• [WHAT NEEDS TO BE DONE]:
For the entries below, copy exactly the line that contains "2019-Mercedes-Benz-G-Class-005.jpg" through the line that contains "رسم خط متواصل", both ends included, and exclude all pictures.
::: RECORDS SHOWN :::
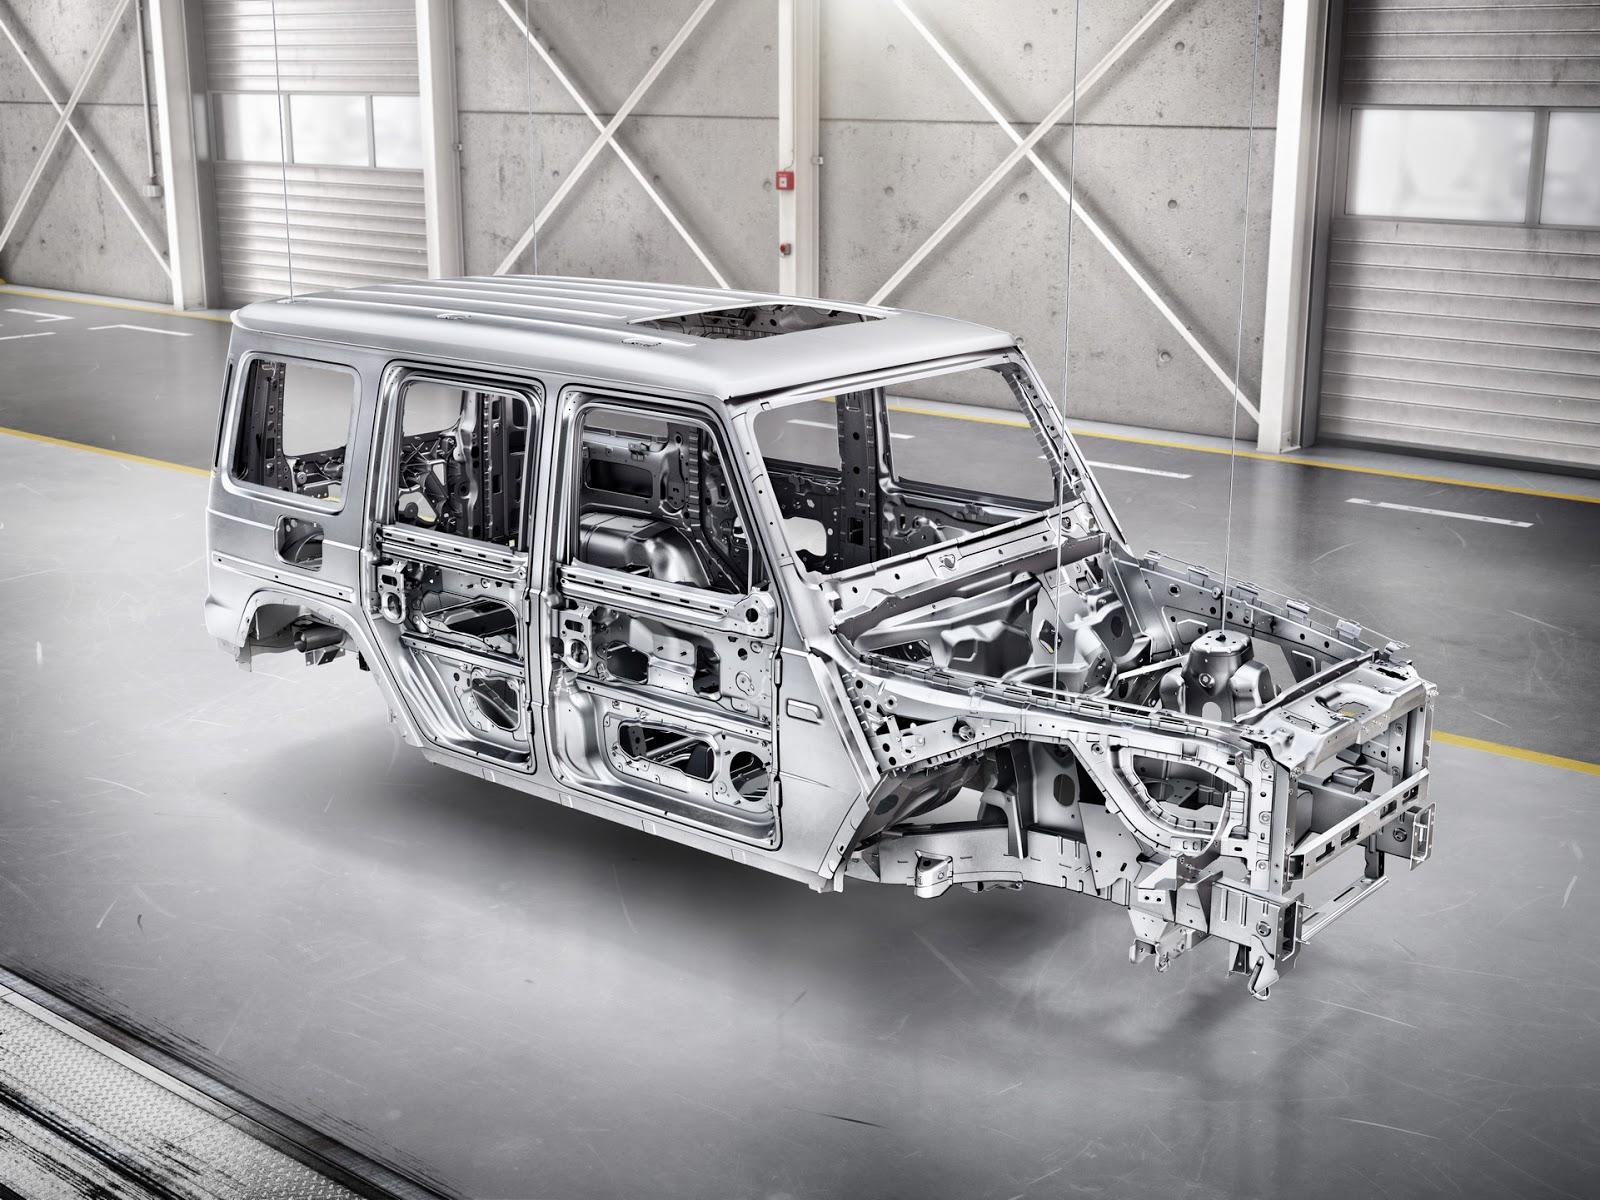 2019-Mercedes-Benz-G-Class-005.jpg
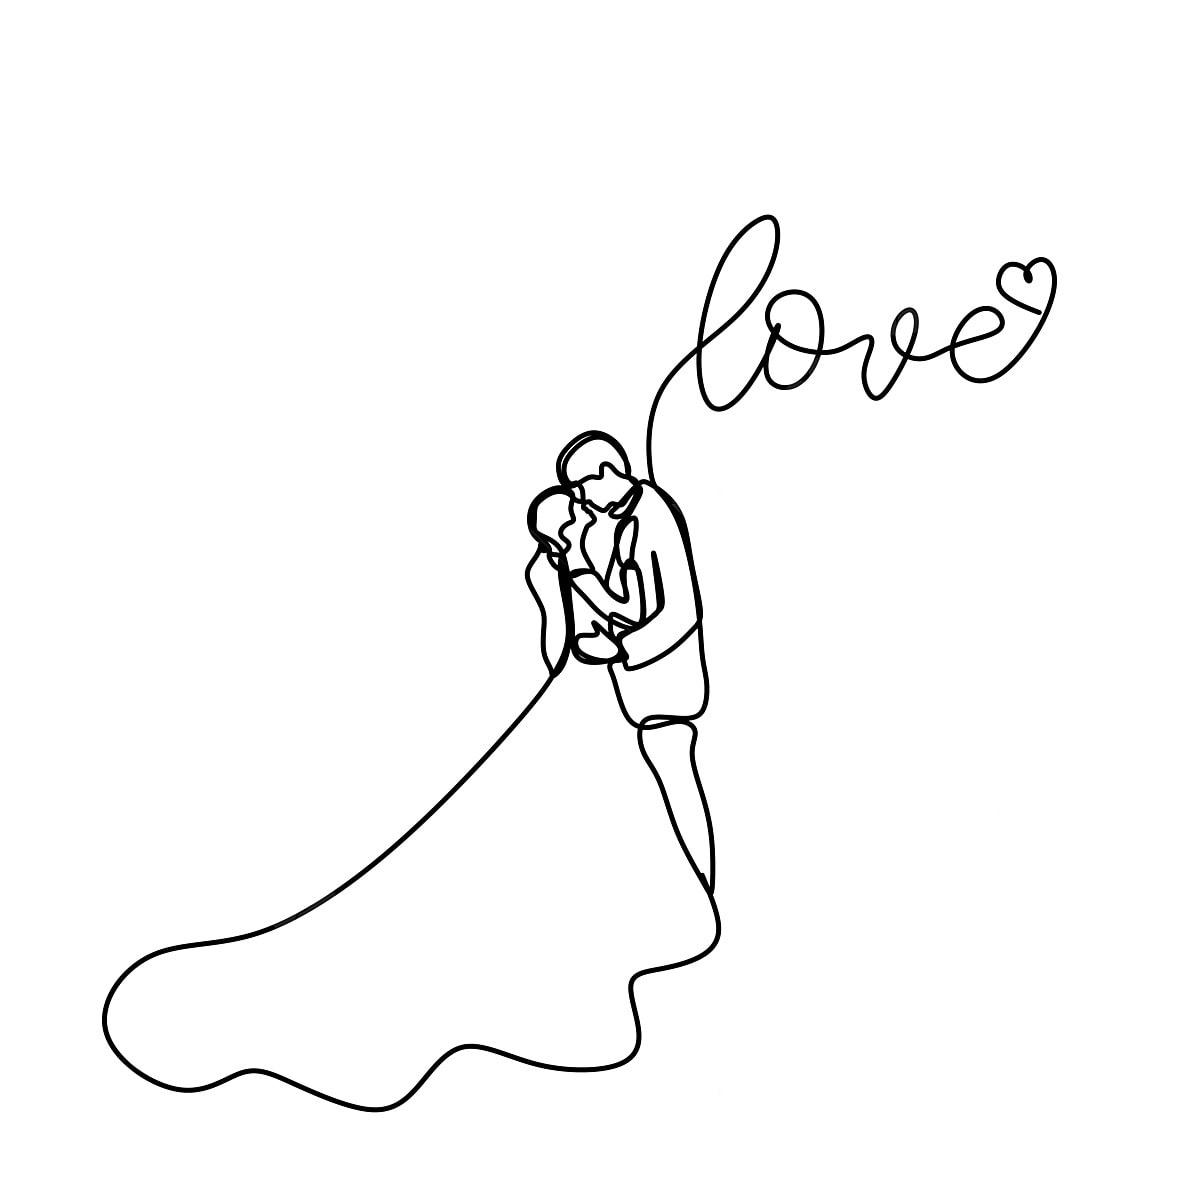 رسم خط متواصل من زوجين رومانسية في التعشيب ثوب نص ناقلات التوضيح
:::
::: RECORDS SHOWN :::
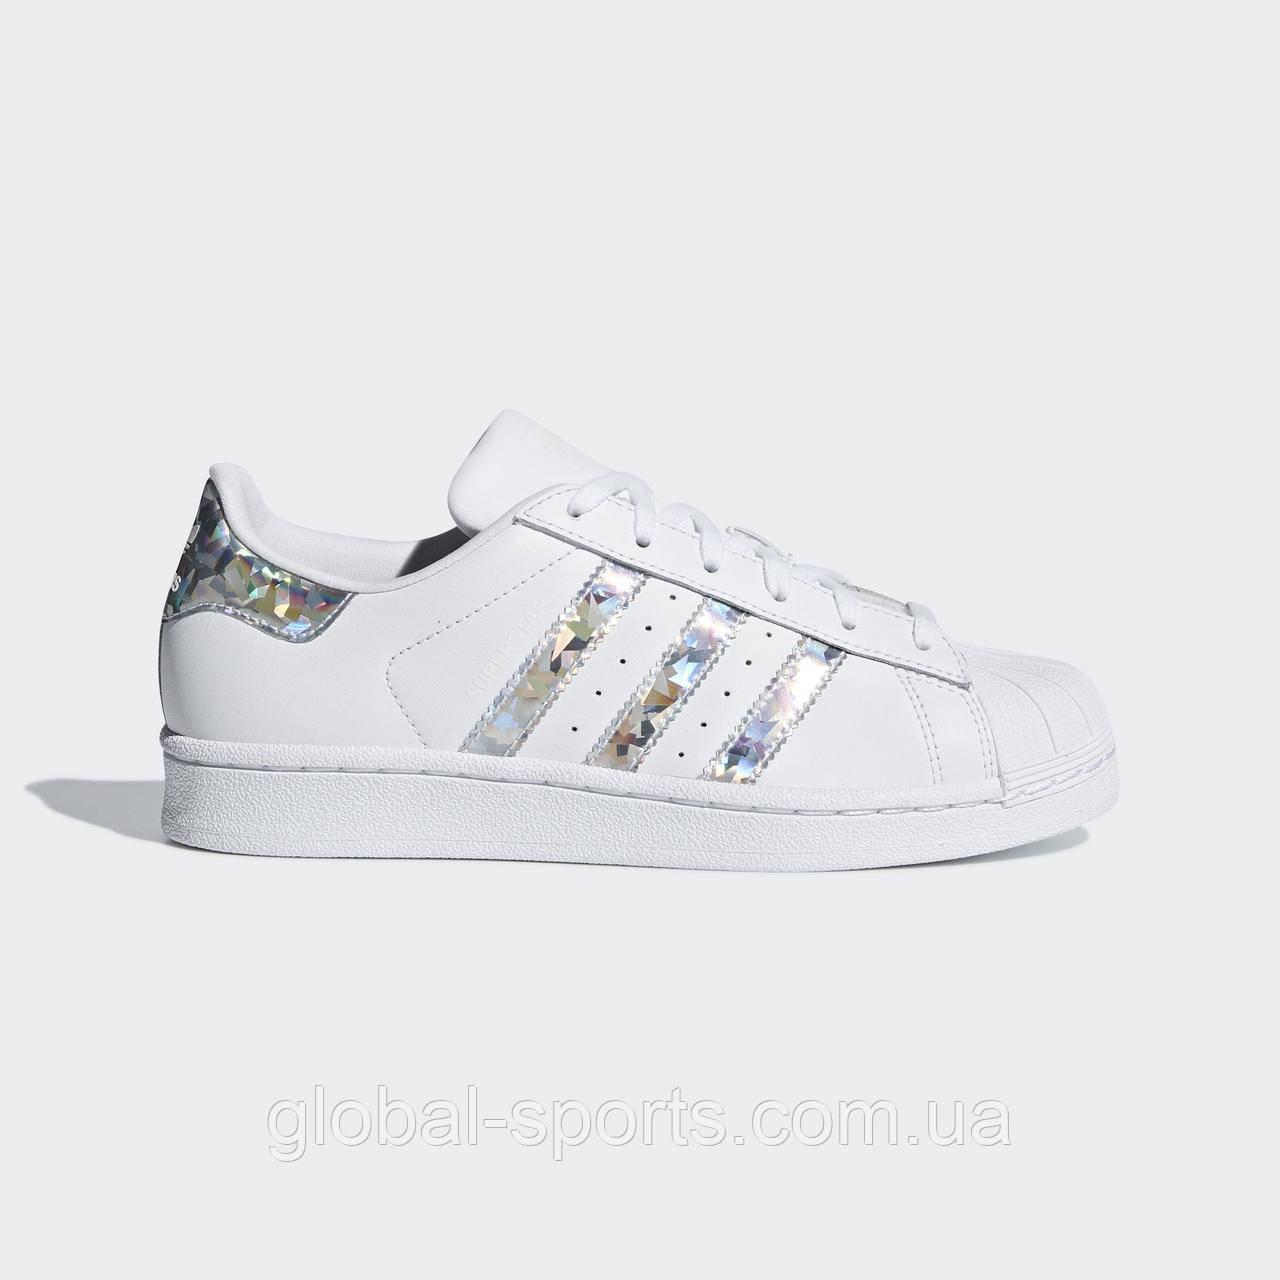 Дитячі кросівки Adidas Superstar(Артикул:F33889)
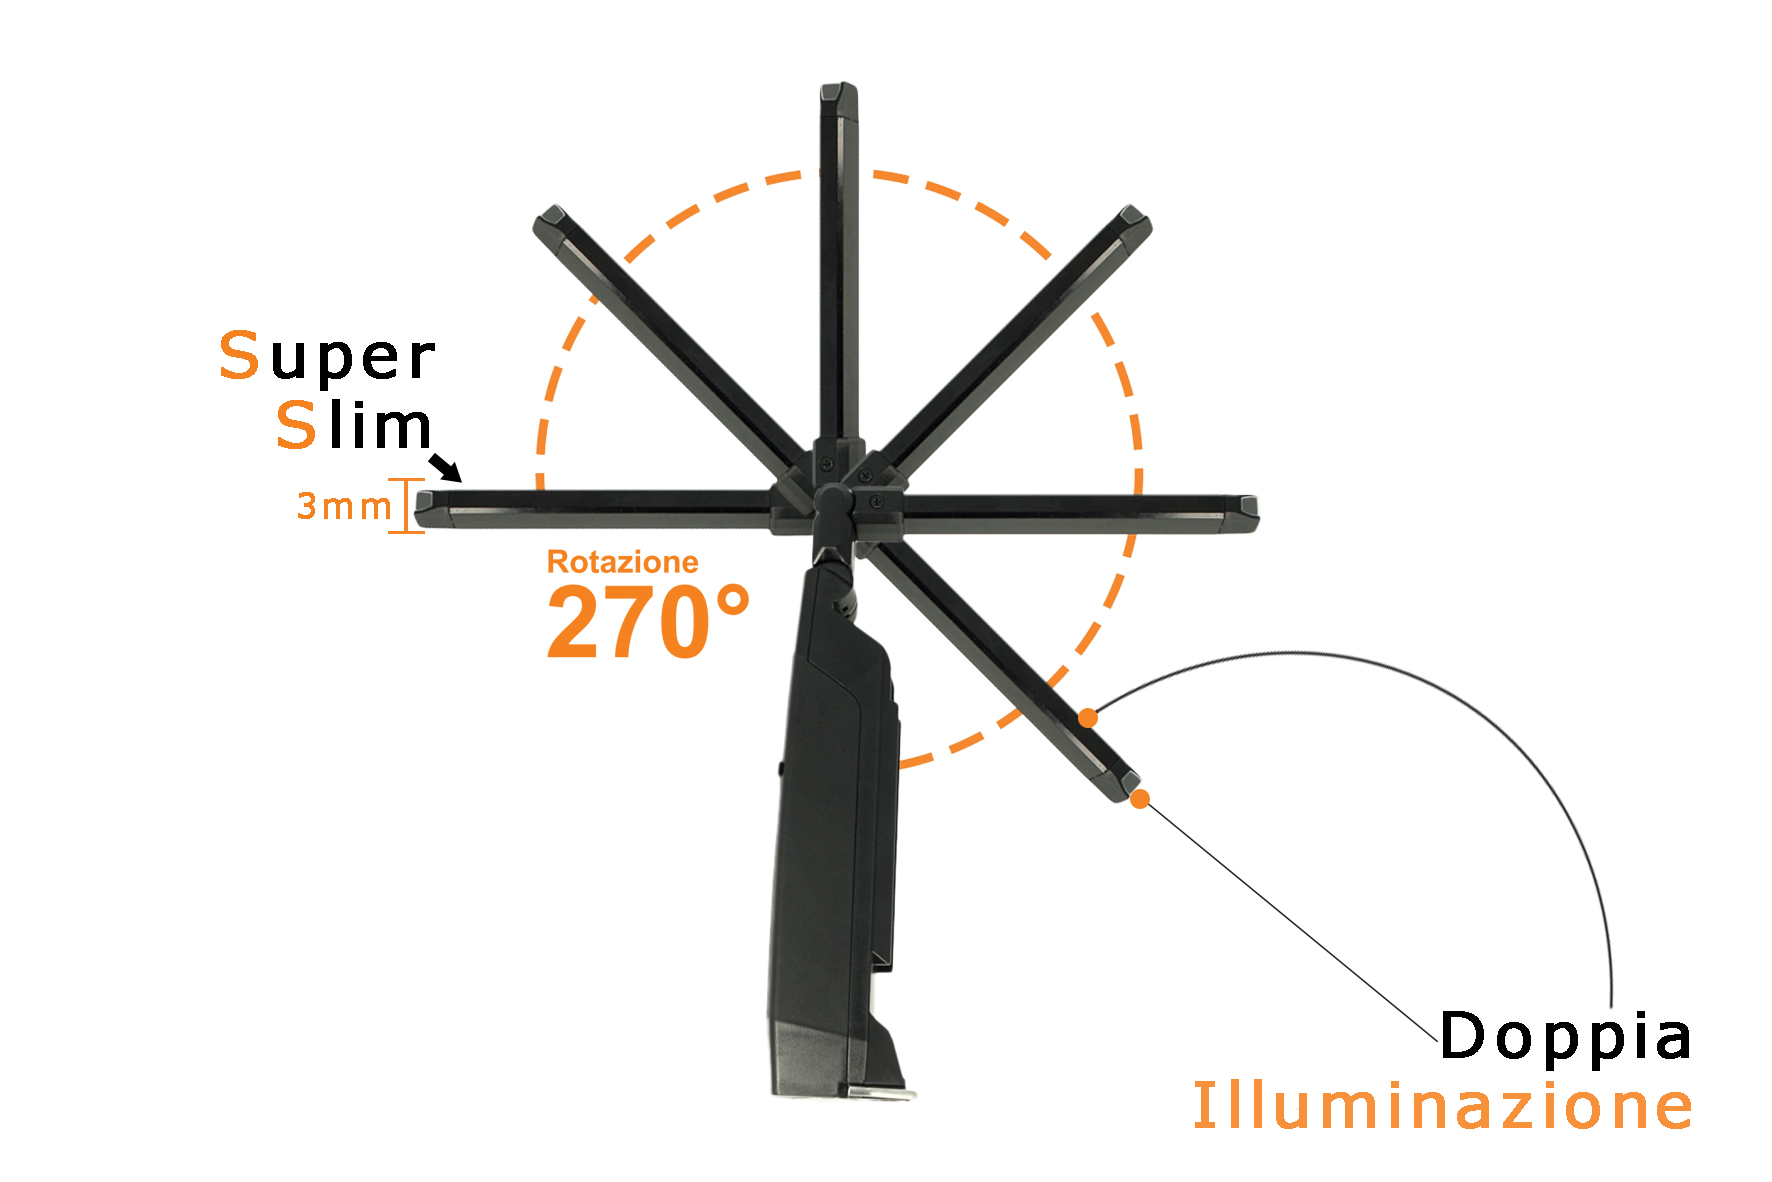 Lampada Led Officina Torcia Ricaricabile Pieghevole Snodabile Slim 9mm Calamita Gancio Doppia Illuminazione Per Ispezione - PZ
:::
• [RESULT FOR THIS EXERCISE]:
 2019-Mercedes-Benz-G-Class-005.jpg
 رسم خط متواصل من زوجين رومانسية في التعشيب ثوب نص ناقلات التوضيح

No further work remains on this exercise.